You should have one or two friends that do that for you Apart from that: I didn't look at the paper but the implementation I got looks pretty fast. Unfortunately I have no other implementation to compare it to. So I am happy that bsquared appointed himself to investigate it. Btw. exploiting an unproven hypothesis (Schinzels H) in software wouldn't be such a low feat either, or not? 
20200827, 18:56  #41 
Jul 2014
111000_{2} Posts 
I referenced all my implementations against primesieve, who I informed back in 2014 about my sieves using prime generators.

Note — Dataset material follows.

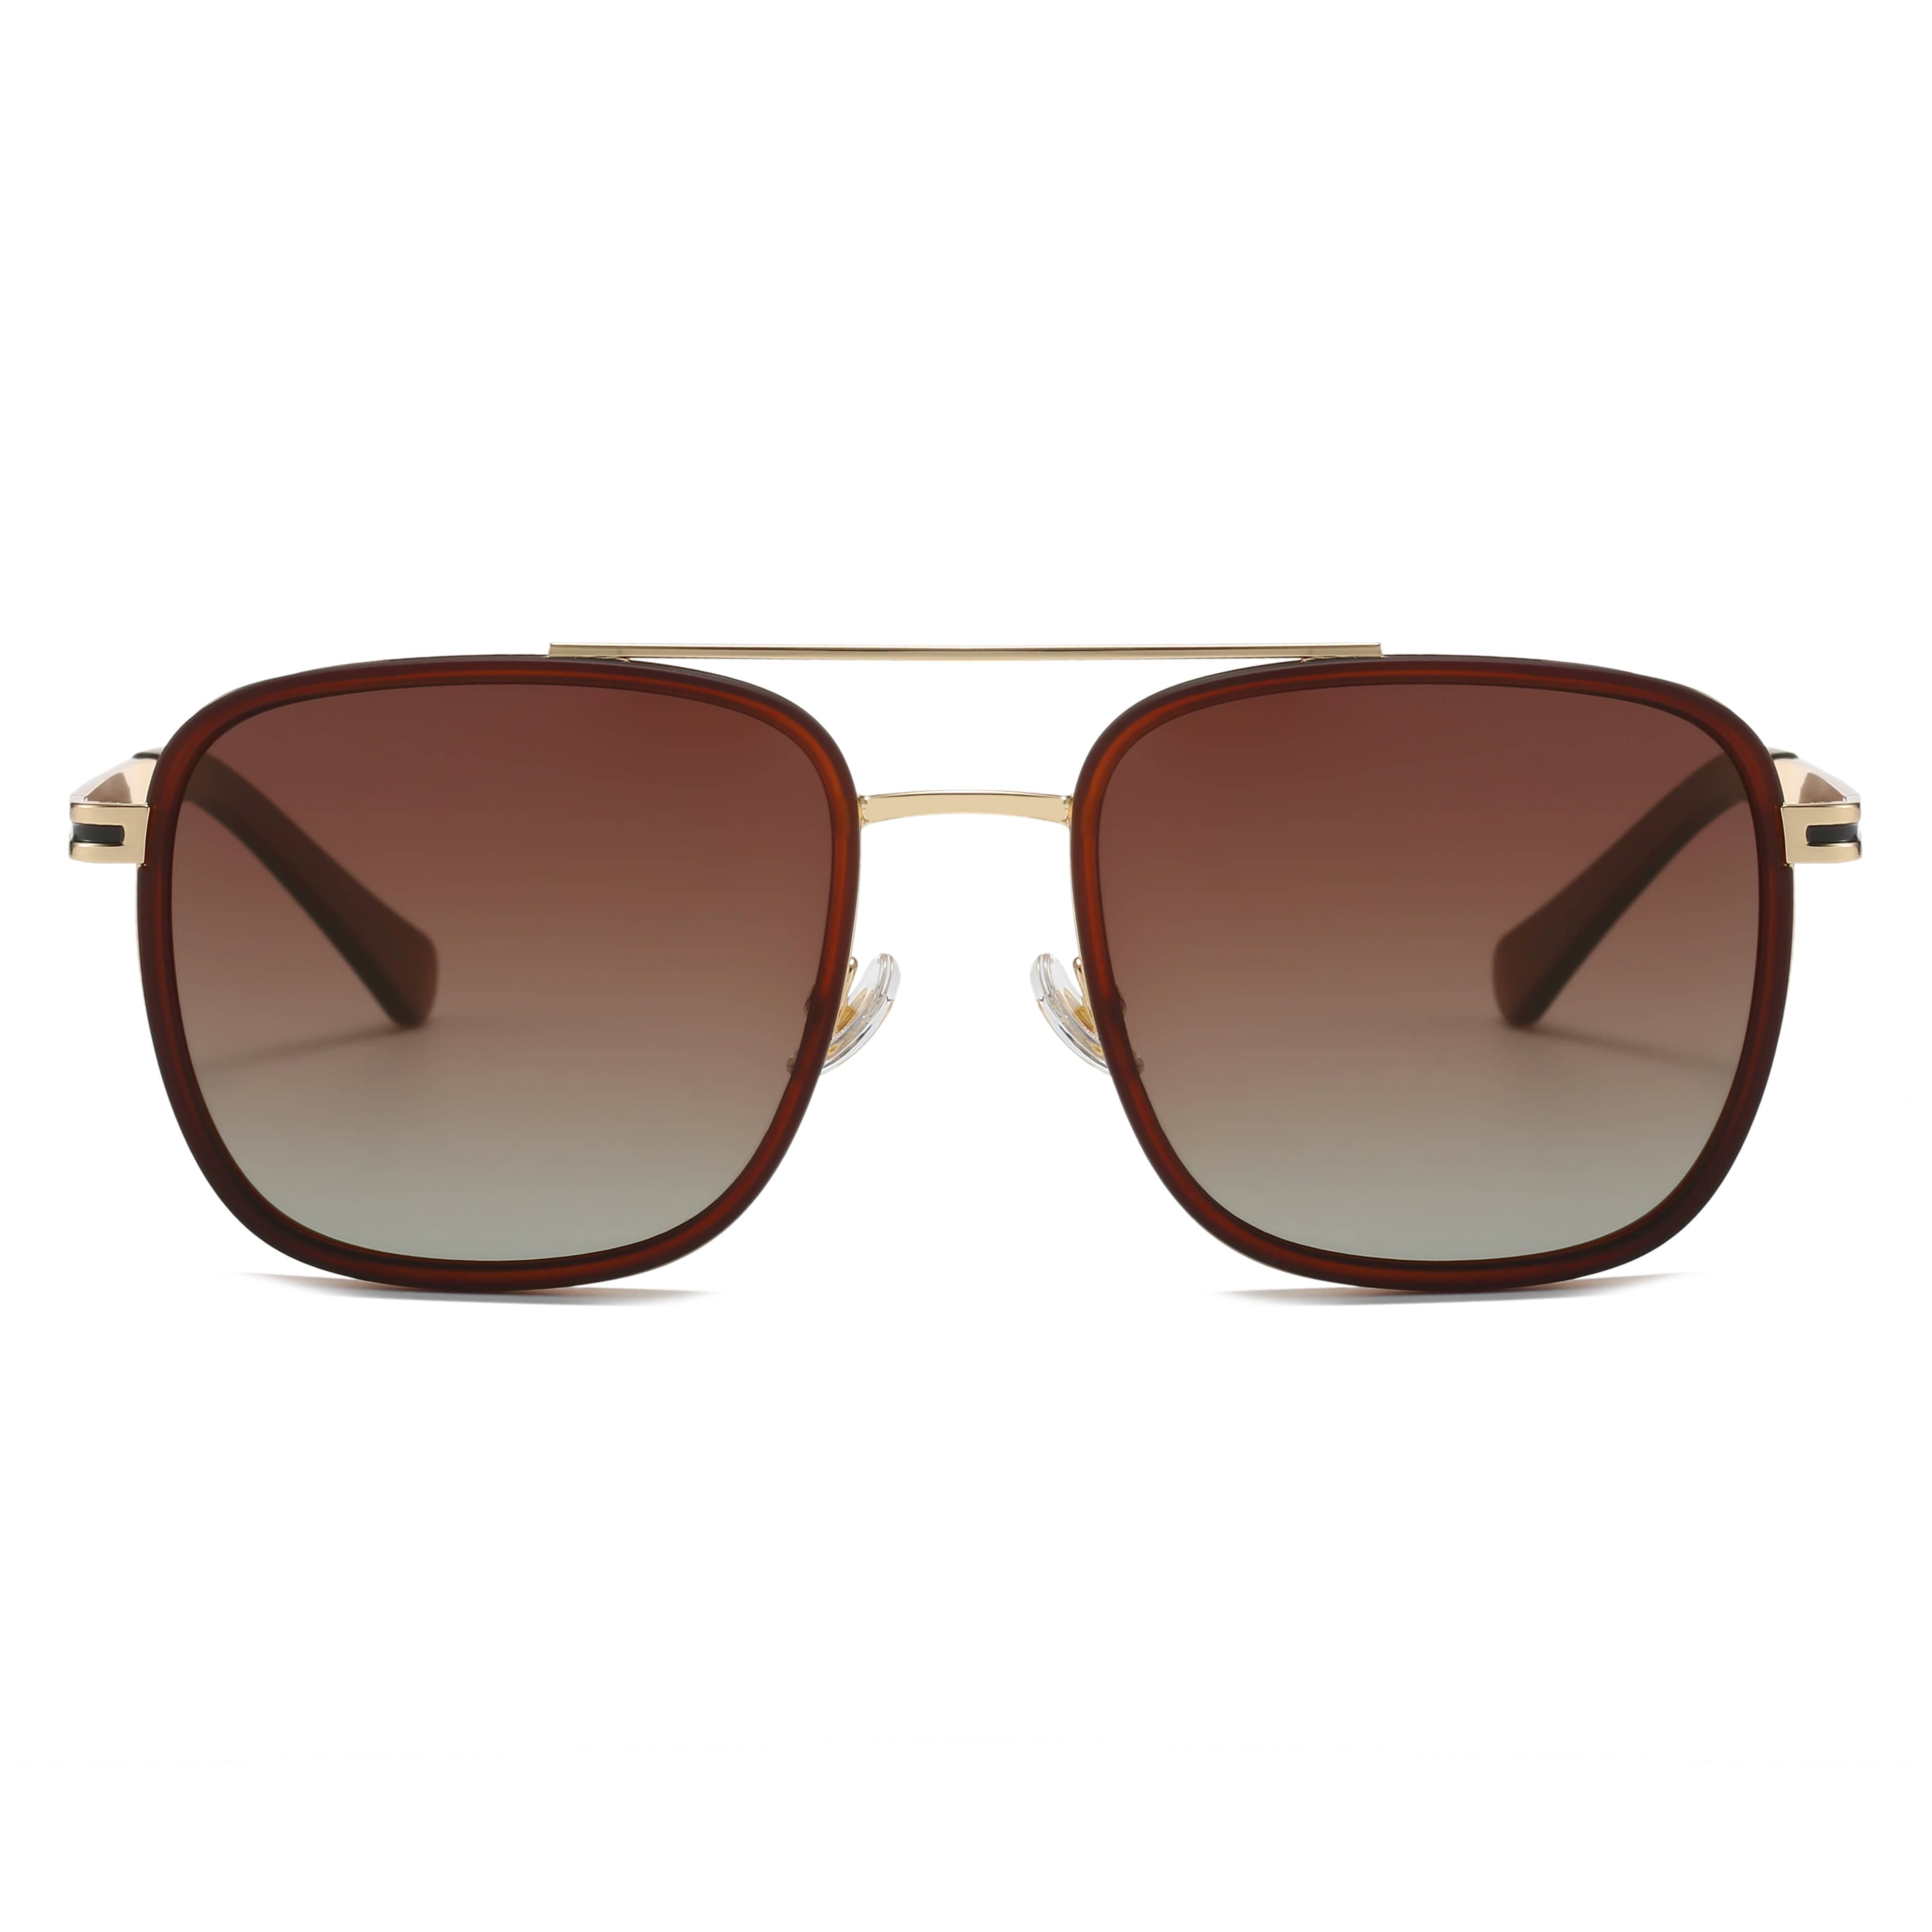 GIUSTIZIERI VECCHI Sunglasses Medium / Light Gold/Brown RegalRose Duo
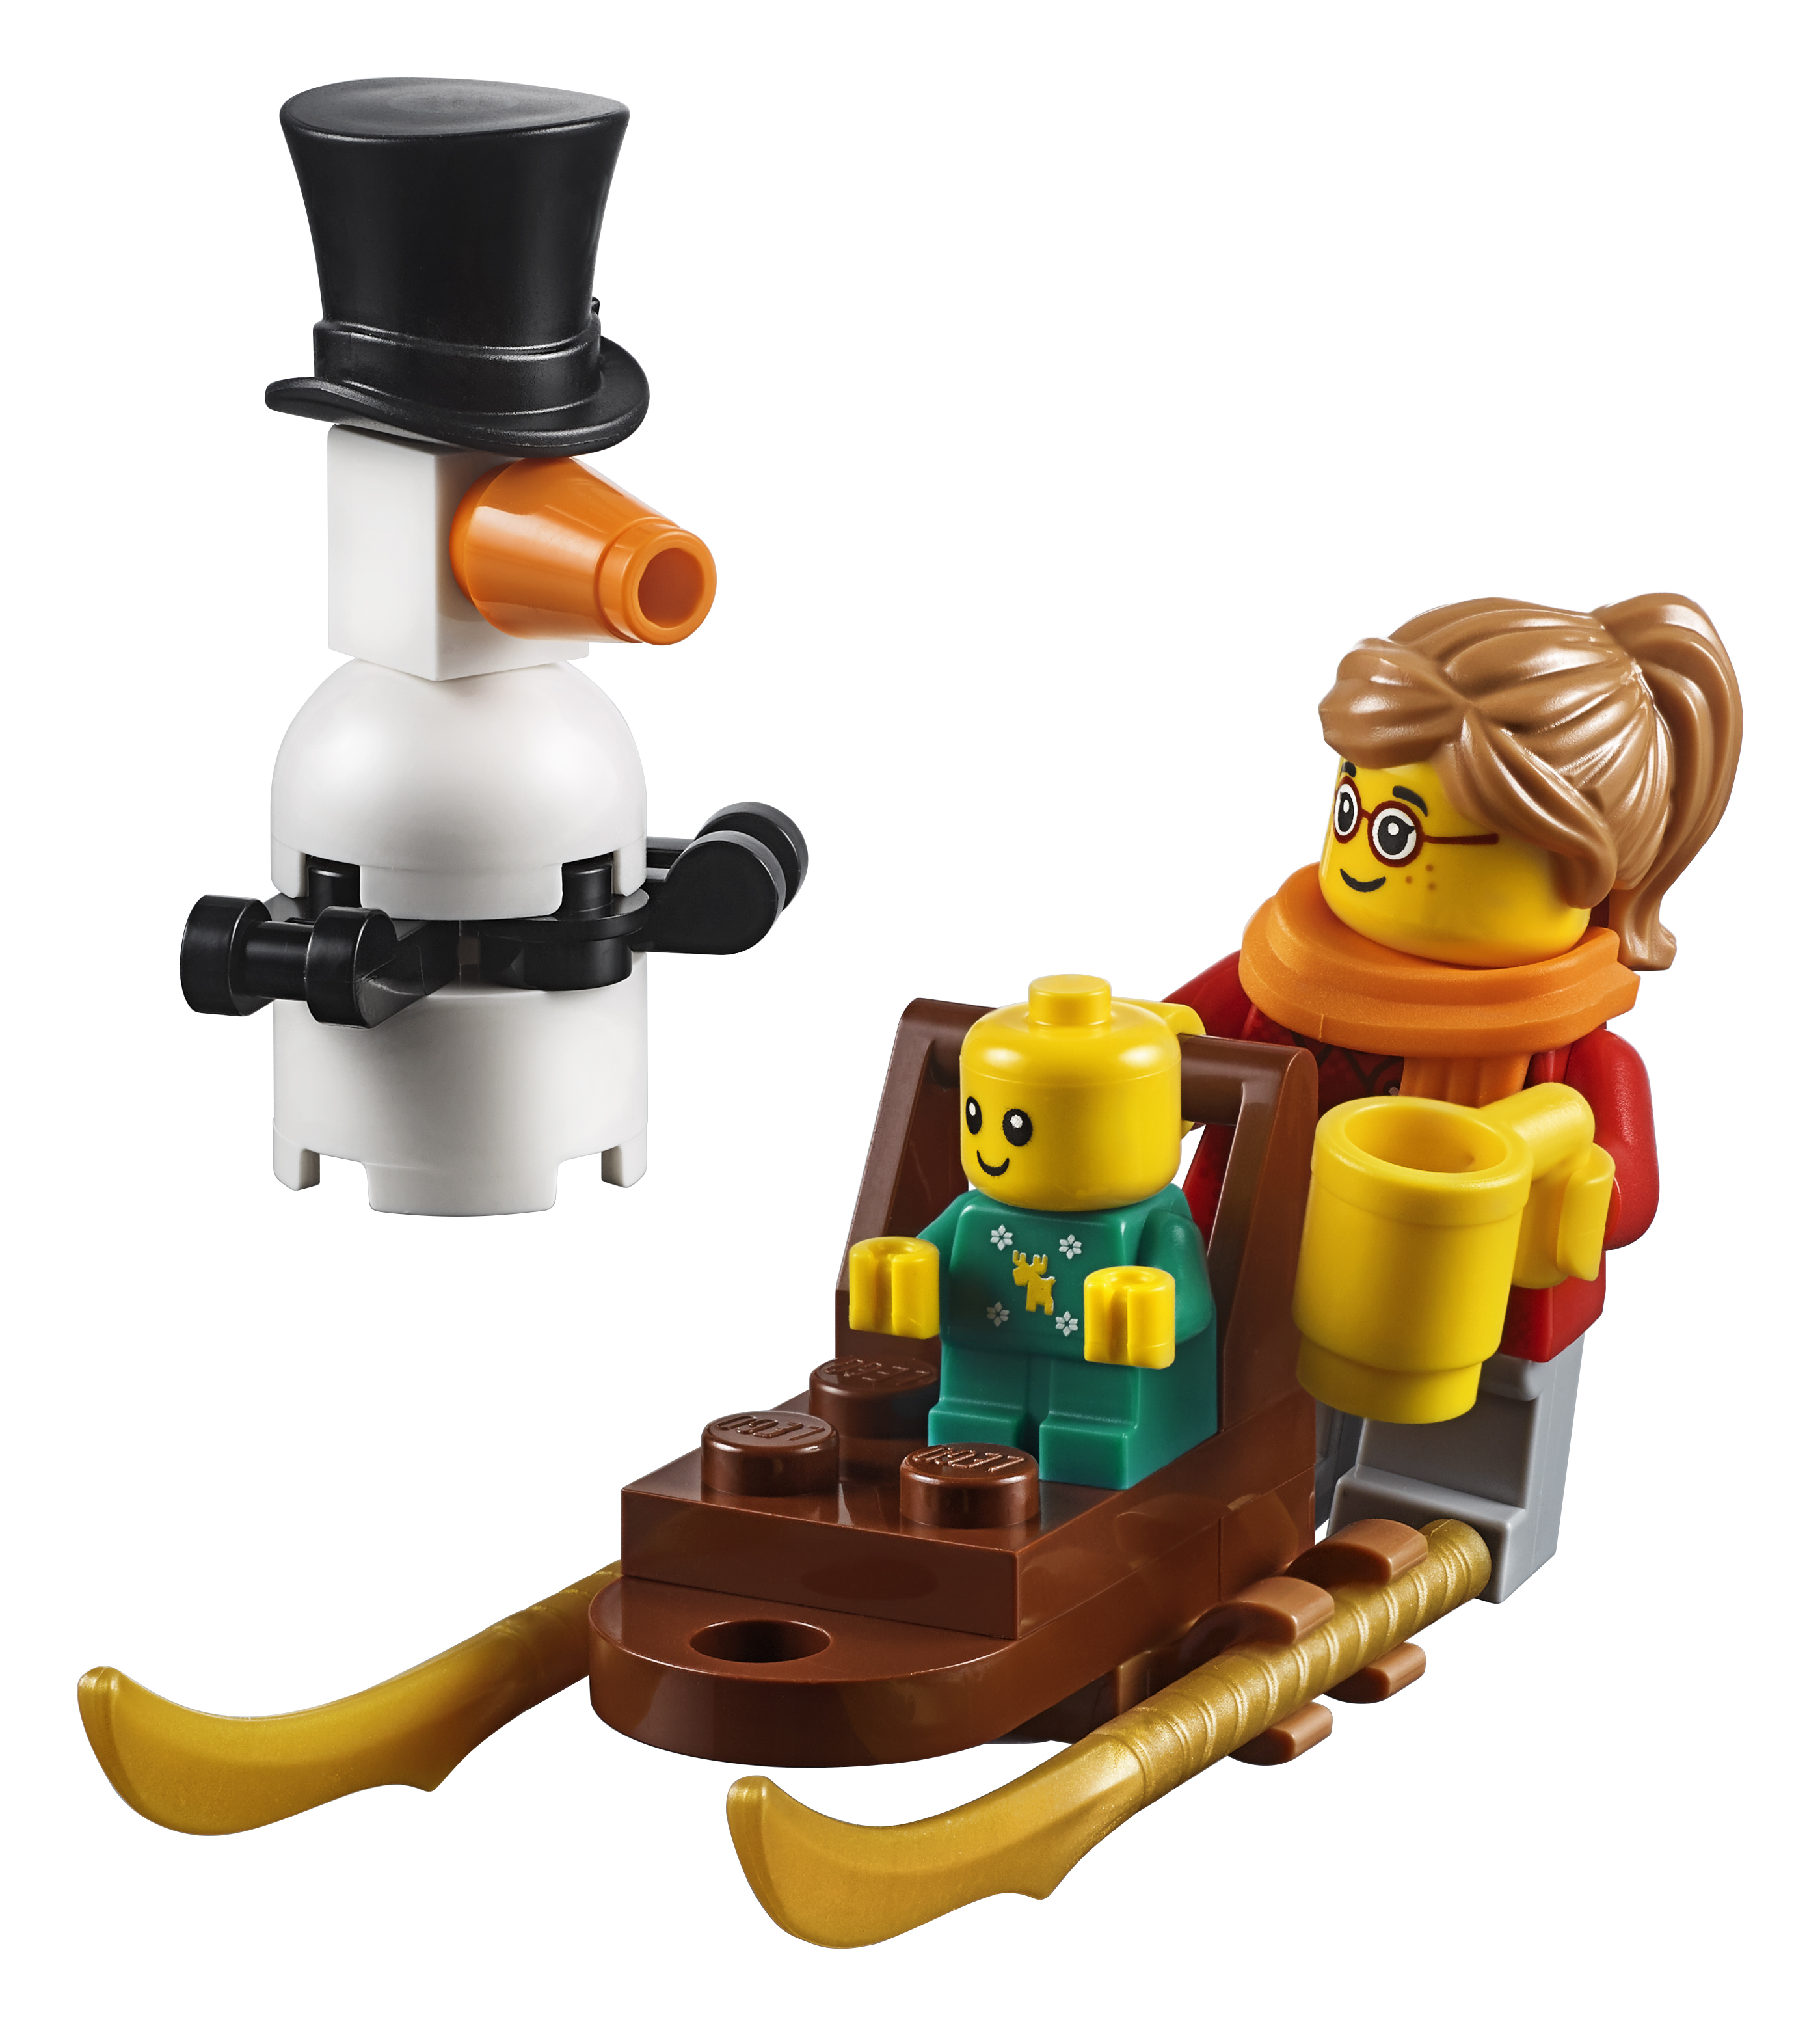 LEGO 10263 Creator Expert Winter Fire Station

https://github.com/kimwalisch/primesieve The fastest twinprime sieve that runs on a common laptop is the Rust version of my twinprimes_ssoz, followed closely by the Nim version. Because I don't have access to a GPU I haven't done a CUDA/OpenCL version, which should fly with all of their independent cores. It's also equally amenable to implement in distributed/cloud networks, as it's inherently designed to be done in parallel processing systems. I haven't tried Pascal's Java version yet, so I can't tell you how it compares. I'm certain my implementations can be improved upon for various hardware environments. I would encourage people to do so and post their results. Also, primesieve is a very good program done in very optimized C++, that has been actively maintained and improved for a number of years. It has thousands of lines of code, spanning hundreds? of files, to implement. My Rust, Nim, D, Crystal, et al versions consist of one file of less than 300 lines of actual code. 
20200827, 19:11  #42 
"Ben"
Feb 2007
3723_{10} Posts 
I've just compared the java version of ssojz that Till provided with primesieve and yafu and I'm indeed impressed.
Counting twin primes to 10^11 with 16 threads: ssojz: 3.34 sec Counting twin (and triple... up to sextuple) primes to 10^11 with 16 threads: primesieve: 2.88 sec Counting primes (no twins or other tuples) to 10^11 with 16 threads: yafu: 1.99 sec Last fiddled with by bsquared on 20200827 at 19:40 Reason: corrected yafu time 
20200827, 19:30  #43 
Jul 2014
2^{3}·7 Posts 
If you can, compile/test the Nim and Rust versions (Rust just released 1.46). They should be faster, especially with 16 cores.
My base I7 system only had 4C8T. I'm salivating on getting an AMD Threadrippper 12C24T system. 
20200827, 19:55  #44 
Aug 2006
1011101100011_{2} Posts 
That is extremely impressive, especially considering it's in Java. I wonder how the Rust implementation will fare.